Breeders Descriptions: Ive come to learn that the language breeders use is telling. "Untested outdoors" means the breeder doesn't have a clue as to the behavior of the plant outdoors and you cant either. It may do well outdoors, but again, I wouldnt bet my main crop on the potential. Make sure your grow is based upon more than hope.
"Indoor". I tread lightly here and generally when I buy "indoor" seeds to grow outdoor, I will at least have a few grow reports indicating that it will do well outdoors. "indoor" can mean anything from the plant is acclimated to 12/12, "we just don't know" what will happen outside
I generally avoid breeders and strains that utilize language like , "Numerous Pheno's" or "each plant is special" offerings like the plague. This usually means the breeder has bred 2 very dominant strains and each of the offspring is a battle between the 2 genetic giants for dominance. The result is always going to be "god only knows what youre going to find" result. Treasure hunters love these strains, but there is truly no substitute regaurding results, for having knowledge and understanding of the strains you intend to grow.
Im likely to avoid breeders that provide no outdoor information. This usually means the same thing as "untested". The breeder really only knows the potency of the plant and its behavior under a completely artificial enviroment, but nothing of its true nature/stature or behavior.

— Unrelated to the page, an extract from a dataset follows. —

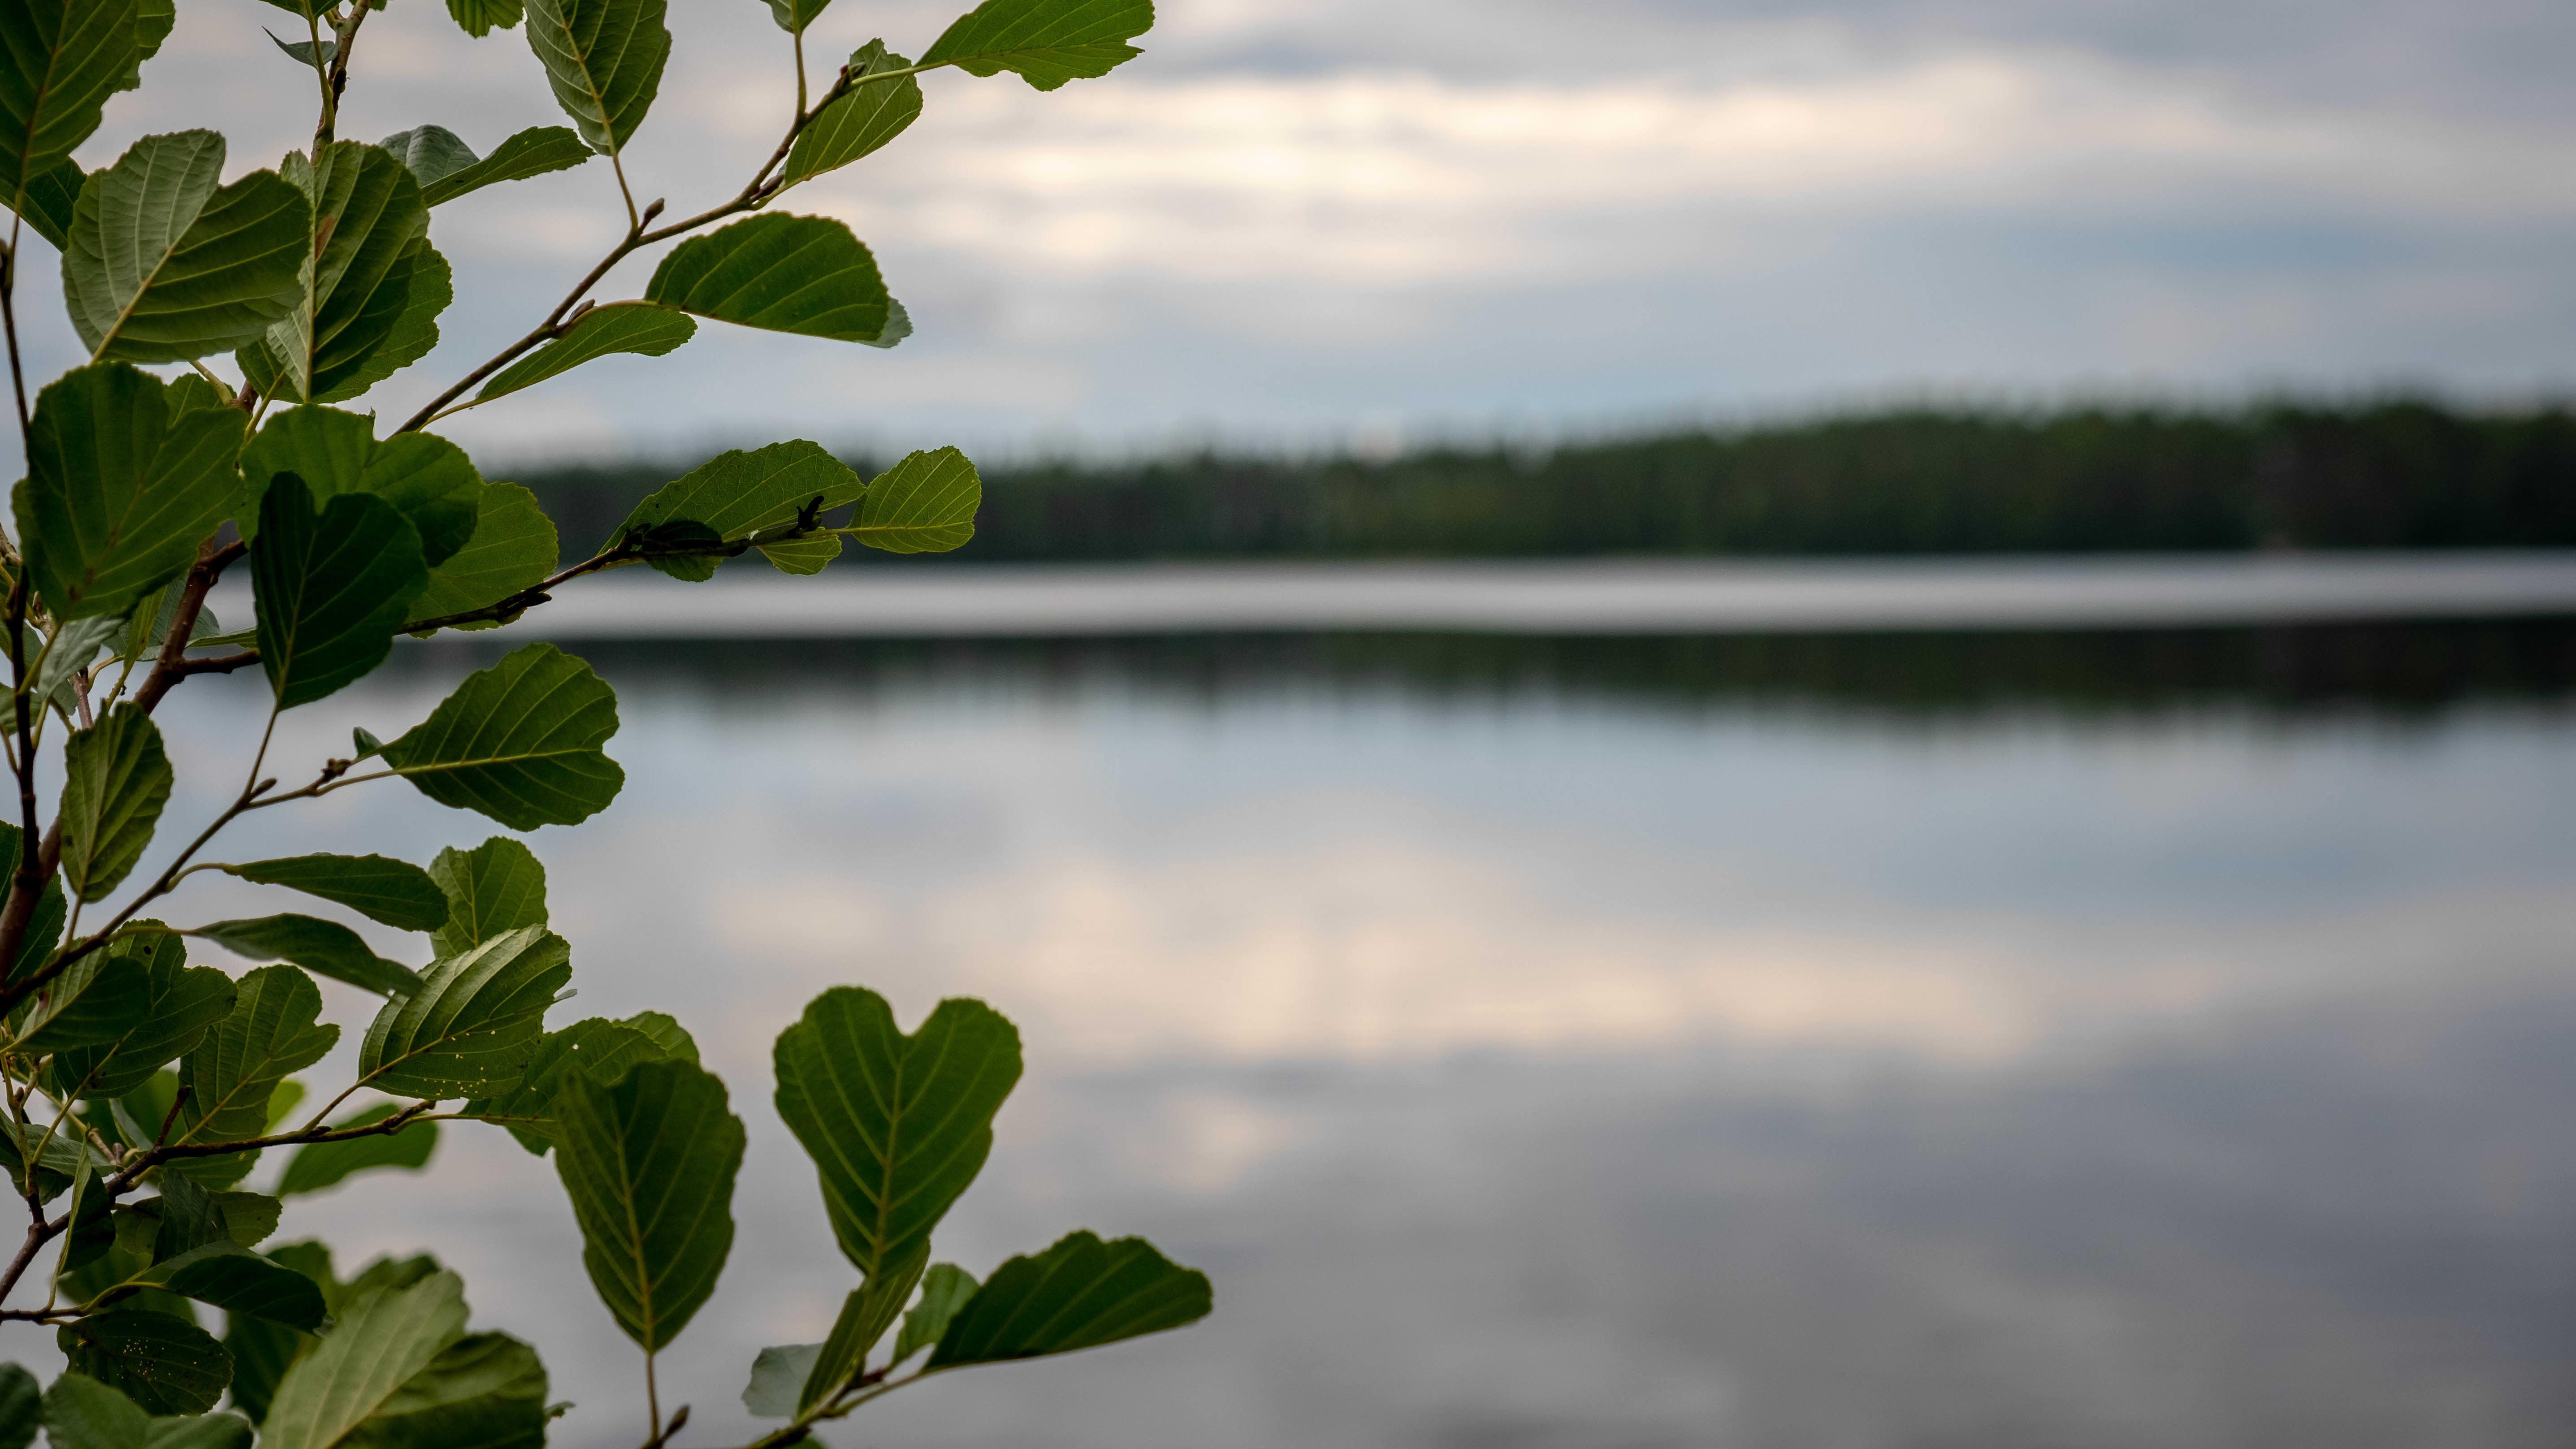 Peilityyni järvi, etualalla lehtipuu, leppä.

Location, Location, Location. This year I intend to grow femmed big bud. I have a number of locations that I grow in. I have 1 location that is in a river valley with deep rich soil and the plants get huge. It also stays heavy with fog and dew until 10 am. and cold air settles in low lying areas in the fall. If I plant my big bud here, ive wasted all of my money and effort as mould will destroy the plants. I have another location that is on a knob that gets full all day sun, but the wind is attrocious here at times. If I plant my big bud here, when reaching maturity the wind at this location will destroy the huge buds and the plants they are growing on.

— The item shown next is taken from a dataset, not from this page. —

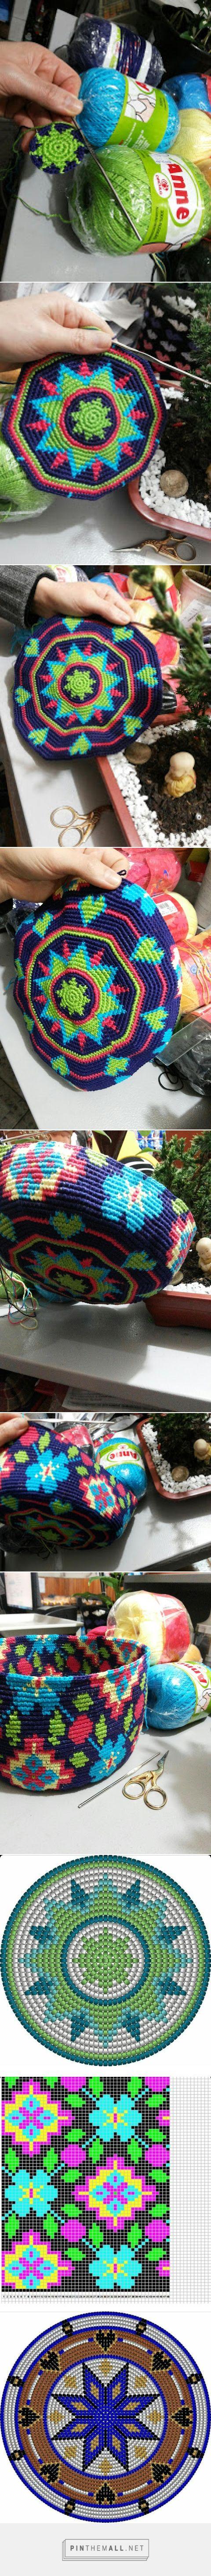 Crochet Wayuu Bags

No, I need to plant the BB in an are that isn't low lying or windy, but sheltered.
Always choose your locations before choosing your strain. I have 7 different grow sites and each one has qualites that provide indications for strain selection. Whenever I purchase a strain, I know geographically where I intend to plant that strain. I see unknown strains that interest me and i buy them, but again ill test these out before betting my entire grow and all of this years smoke on the hope that they will perform in an outdoor setting.

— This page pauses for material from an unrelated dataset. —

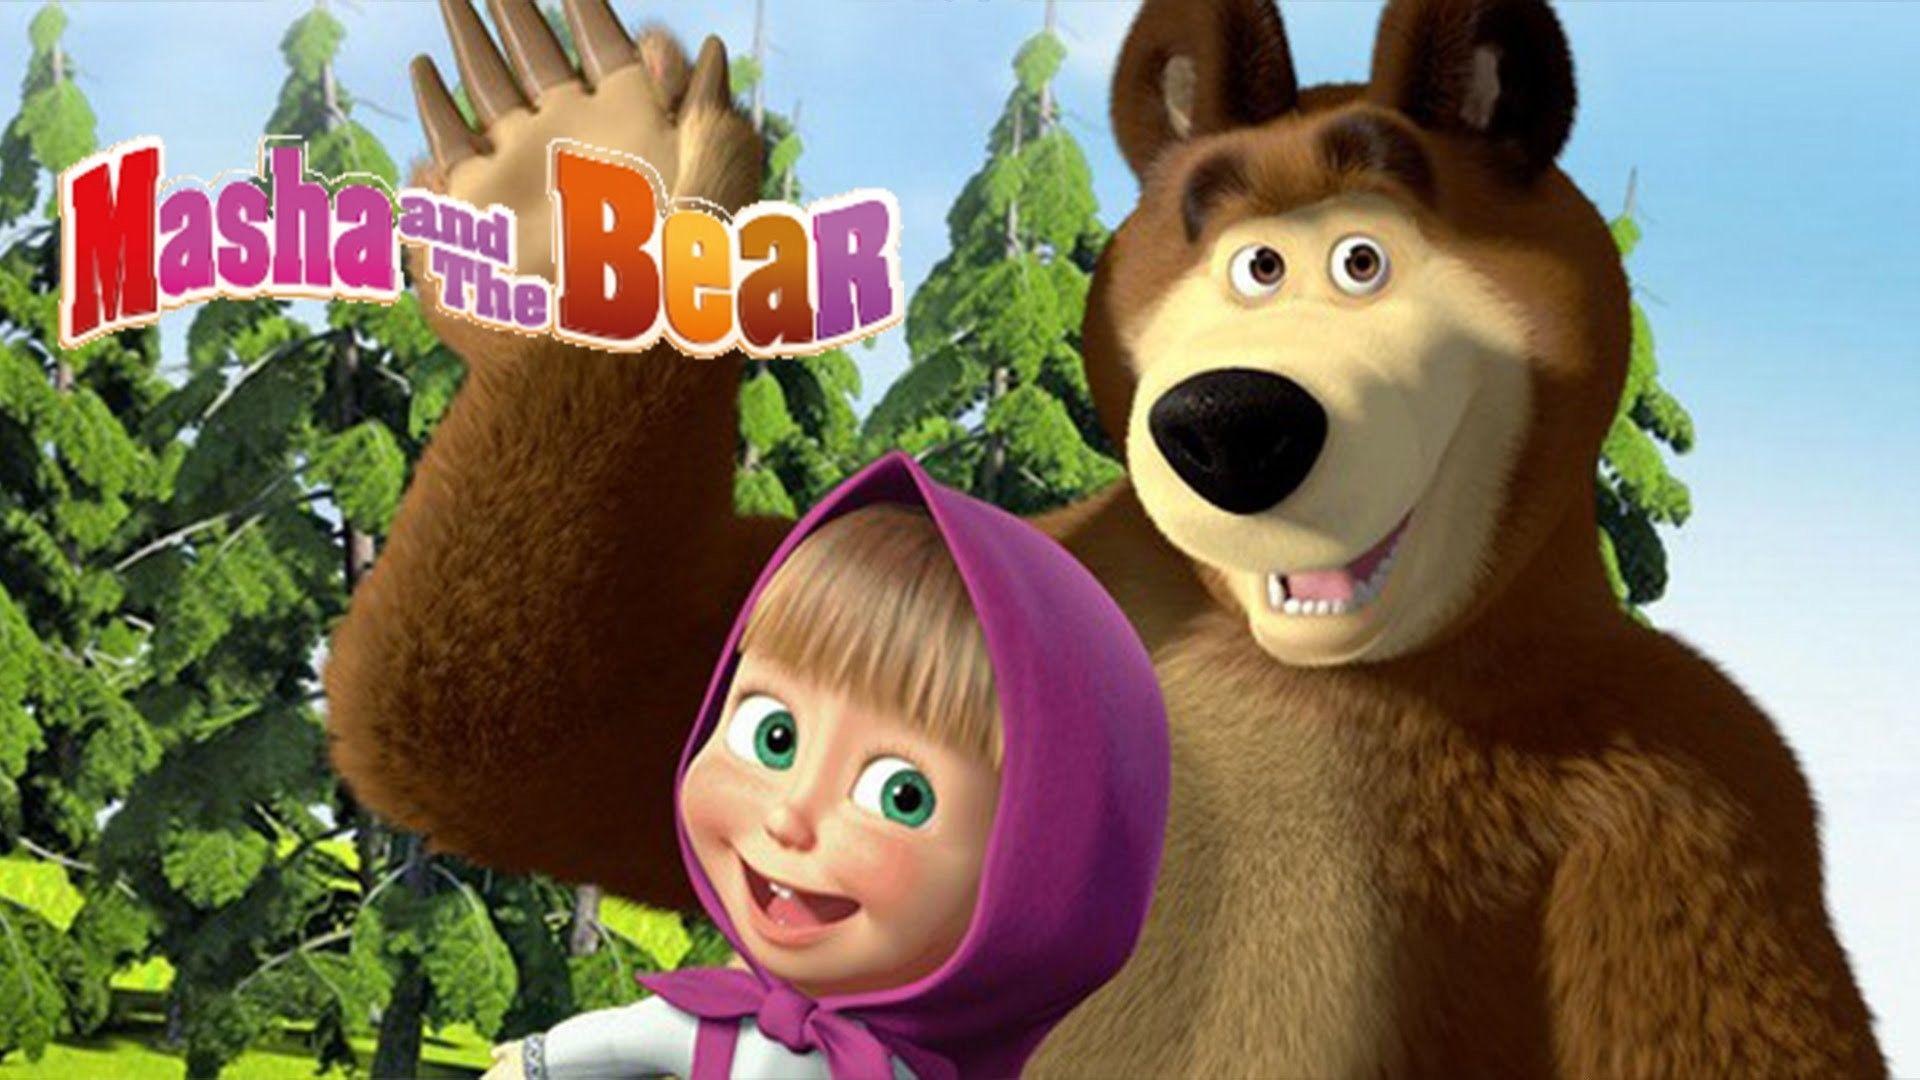 Masha And The Bear Wallpapers Top Free Masha And The Bear
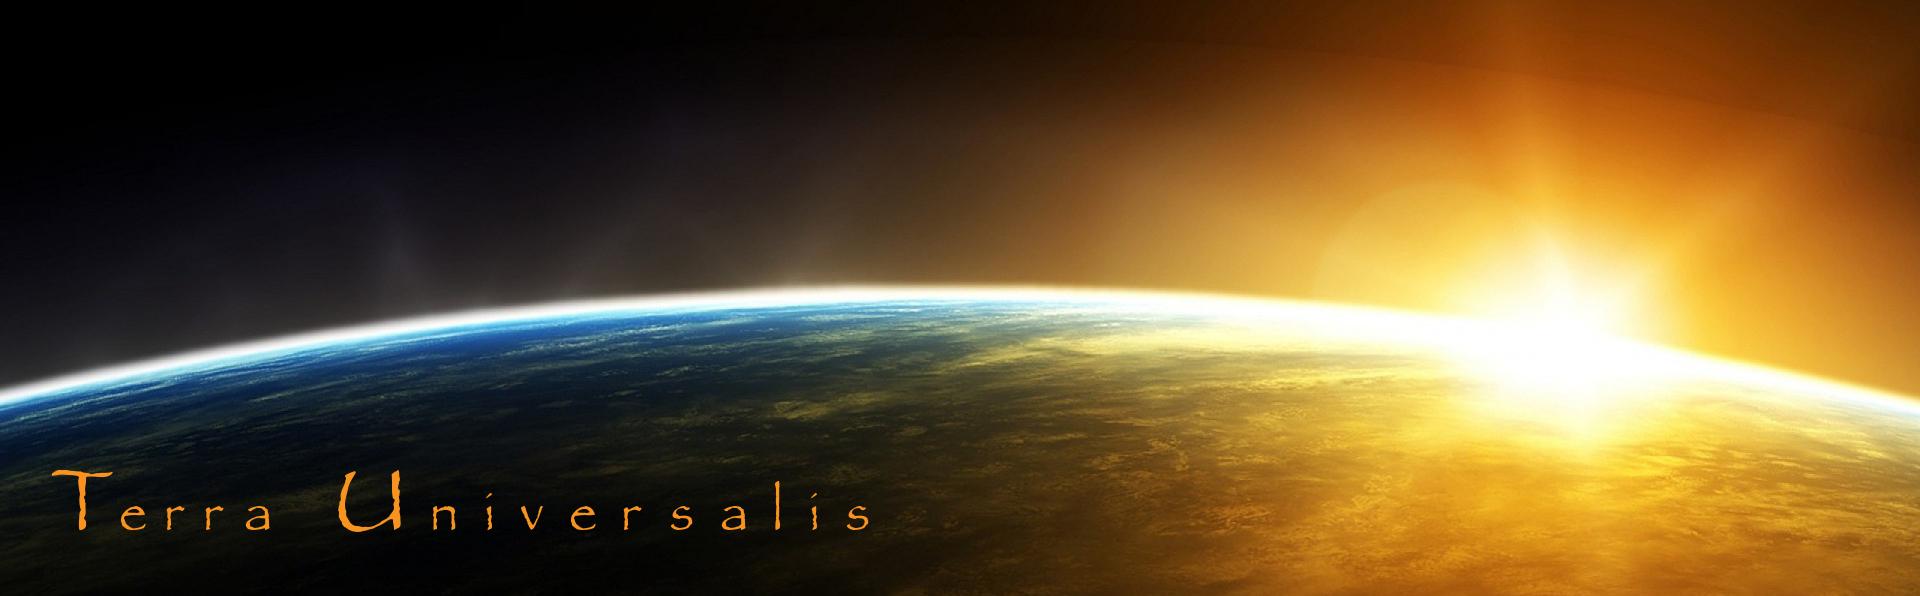 Terra Universalis

Color and Size: Color for the OD gardener can be important. Ive allways wanted to grow blueberry outdoors here, but the simple fact is is that there isn't a single natural plant in my enviroment that is blue, red, yellow and green which is the maturing color of BB. It would stick out like a sore thumb.
Size can be so difficult to determine because it depends all most as much on the soil and sun as it does the strain. Perhaps more so. Over time, Ive discovered that most "compact" strains grow to 5 -6 feet. Medium strains grow to about 8' and large can be LARGE. Depending upon your grow location and the size of the concealing vegetation, choosing the wrong strain can be fatal.
These are the considerations I make but Im sure others have their own criteria. Lets here some.